The Knights of Pythias is a fraternal organization and secret society founded in Washington, D.C., on . The Knights of Pythias is the first fraternal organization to receive a charter under an act of the United States Congress. It was founded by Justus H. Rathbone, who had been inspired by a play by the Irish poet John Banim about the legend of Damon and Pythias. This legend illustrates the ideals of loyalty, honor, and friendship that are the center of the order.

The order had over 2,000 lodges in the United States and around the world, with a total membership of over 50,000 in 2003.  Some lodges meet in structures referred to as Pythian Castles.

Organization 
The structure of the Knights of Pythias is three-tiered. The local units are called "Subordinate Lodges." State and provincial organizations are called "Grand Lodges" and the national structure is called the "Supreme Lodge" and meets in convention biennially. The officers of the Supreme Lodge include the sitting Past Supreme Chancellor, Chancellor, Vice-Chancellor, Prelate, Secretary, Treasurer, Master at Arms, Inner Guard and Outer Guard.

The order's auxiliaries are the Pythian Sisters, the Dramatic Order of the Knights of Khorassan, and the Nomads of Avrudaka.

Membership 
Membership has historically been open to males in good health who believe in a Supreme Being. Maimed individuals were not admitted until 1875. Members are accepted by blackball ballot.
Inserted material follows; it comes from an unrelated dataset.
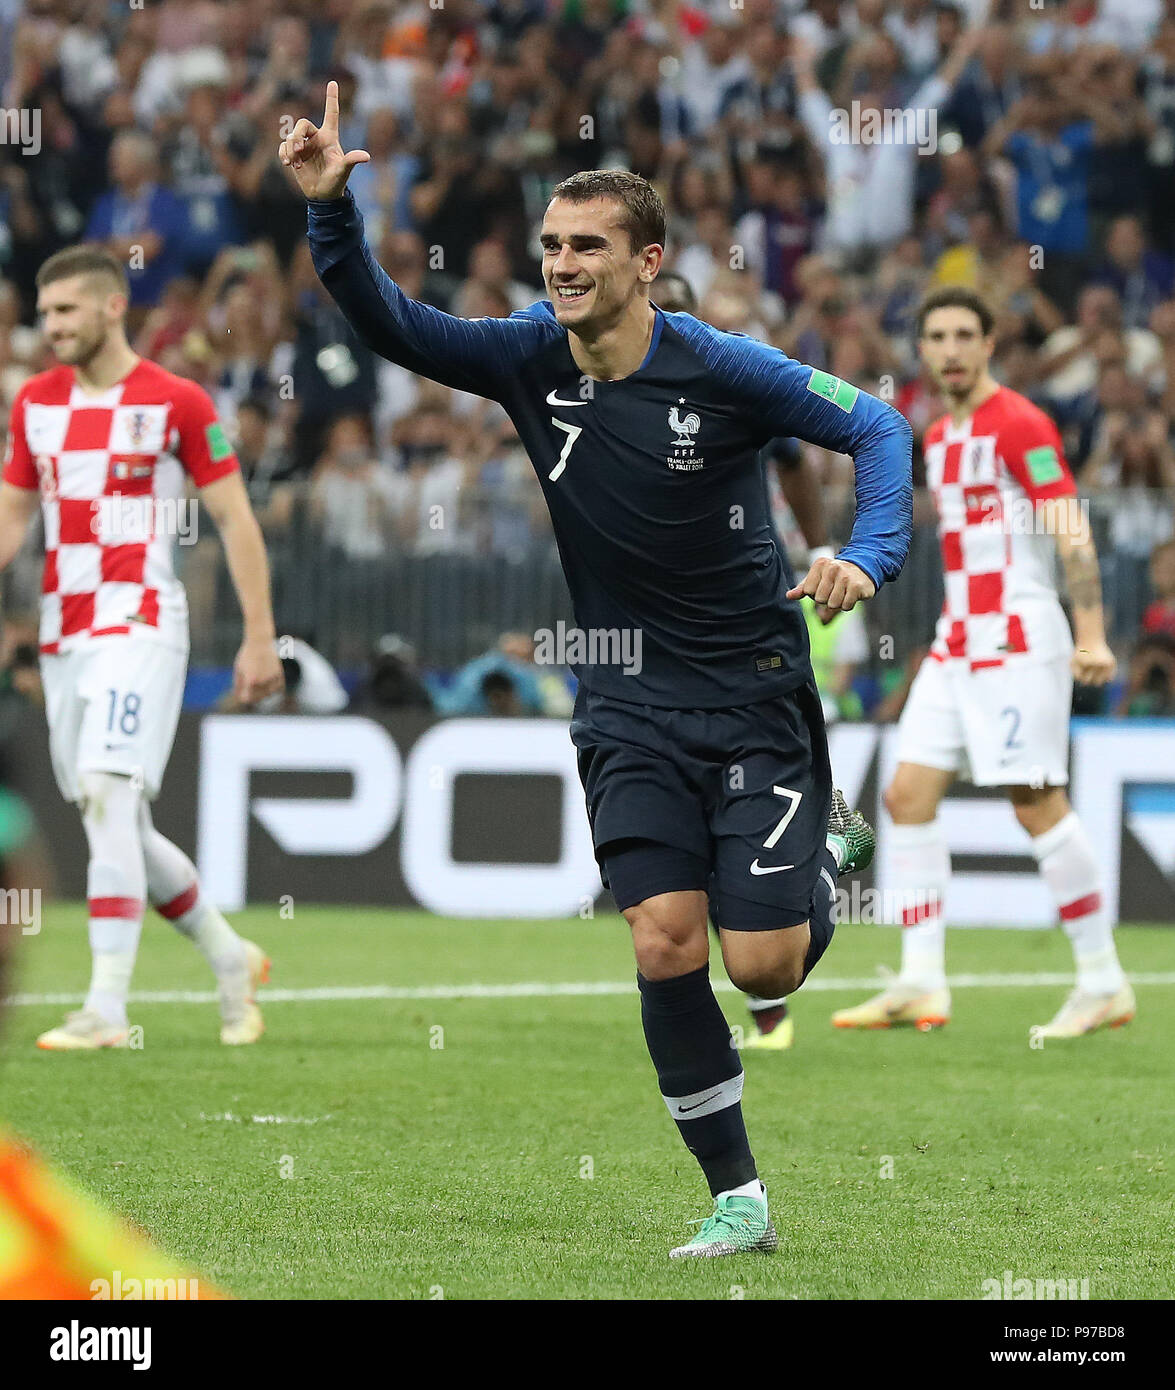 (180715) -- MOSCOW, July 15, 2018 (Xinhua) -- Antoine Griezmann of France celebrates scoring during the 2018 FIFA World Cup final match between France and Croatia in Moscow, Russia, July 15, 2018. (Xinhua/Cao Can) Stock Photo

A member must be at least 18 years of age, and must take the following oath:

By the end of the so-called "Golden Age of Fraternalism" in the early 1920s, the order had nearly a million members. By 1979, however, this number had declined to fewer than 200,000.

Rank structure 
The ranks of Pythian Knighthood in a subordinate lodge (or "Castle") are:
Page
Esquire
Knight

In 1877, the order adopted an optional rank, called the Endowment Rank, which provided fraternal insurance benefits. In 1930, this department split from the Knights of Pythias and became a mutual life insurance company, later known as the "American United Insurance Company".
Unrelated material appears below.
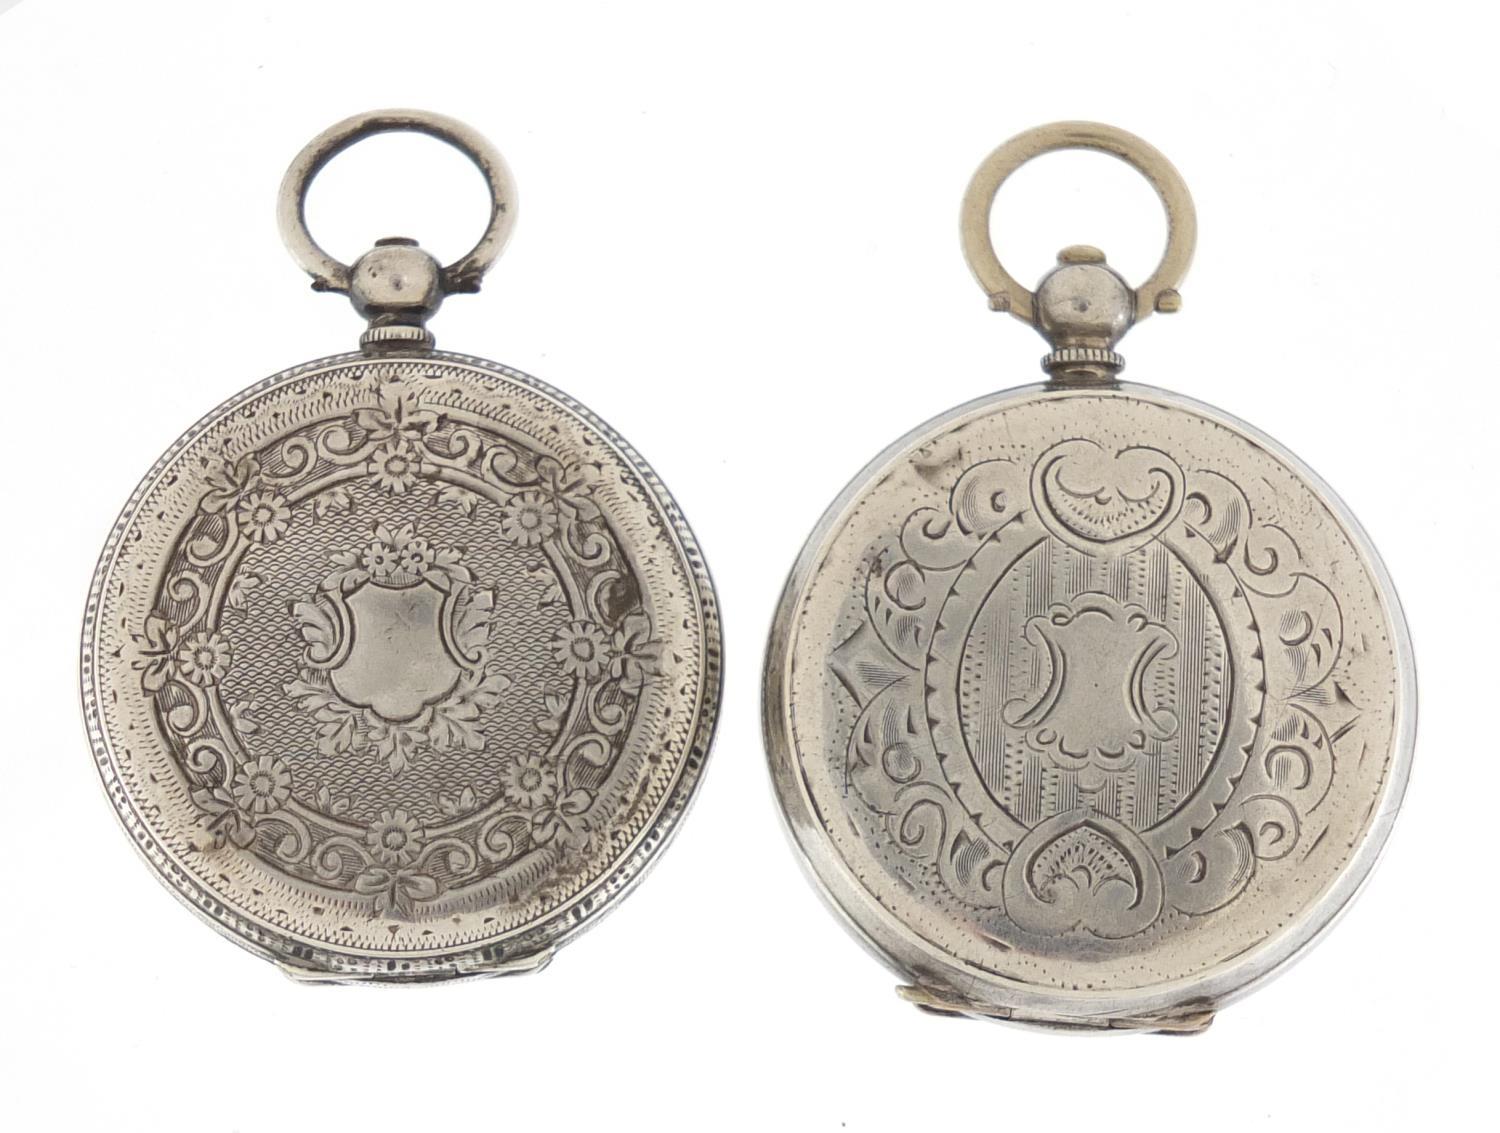 Two ladies silver open face pocket watches with ornate enamelled dials, each 35mm in diameter - Image 2 of 3

Finally, members who obtained the rank of Knight were eligible to join the now-defunct Uniform Rank, which participated in parades and other processions.

Sword 
Early in the group's history, when a man was inducted into the Knights of Pythias, he received a ceremonial sword. Such a sword might be given to a Pythian by family members, business associates, or others as a token of esteem.

Markings on swords varied widely. Most swords were inscribed with the initials "FCB", which stand for the Pythian motto ("Friendship, Charity, Benevolence"). Images on swords were also somewhat common, and included: A man, woman, and child (symbolic of Damon saying good-bye to his family); a man looking out of a building, with a group of people below (symbolic of Pythias' pending execution); a man (Samson) between some pillars, pulling them down, or various types of weapons (swords, axes, hammers, etc.). A full Knight of the Pythian order often inscribed his sword with the image of a knight's helmet with a lion on the crest. Many also carried the image of a sprig of myrtle (the Pythian symbol of love) or a falcon (the Pythian symbol of vigilance).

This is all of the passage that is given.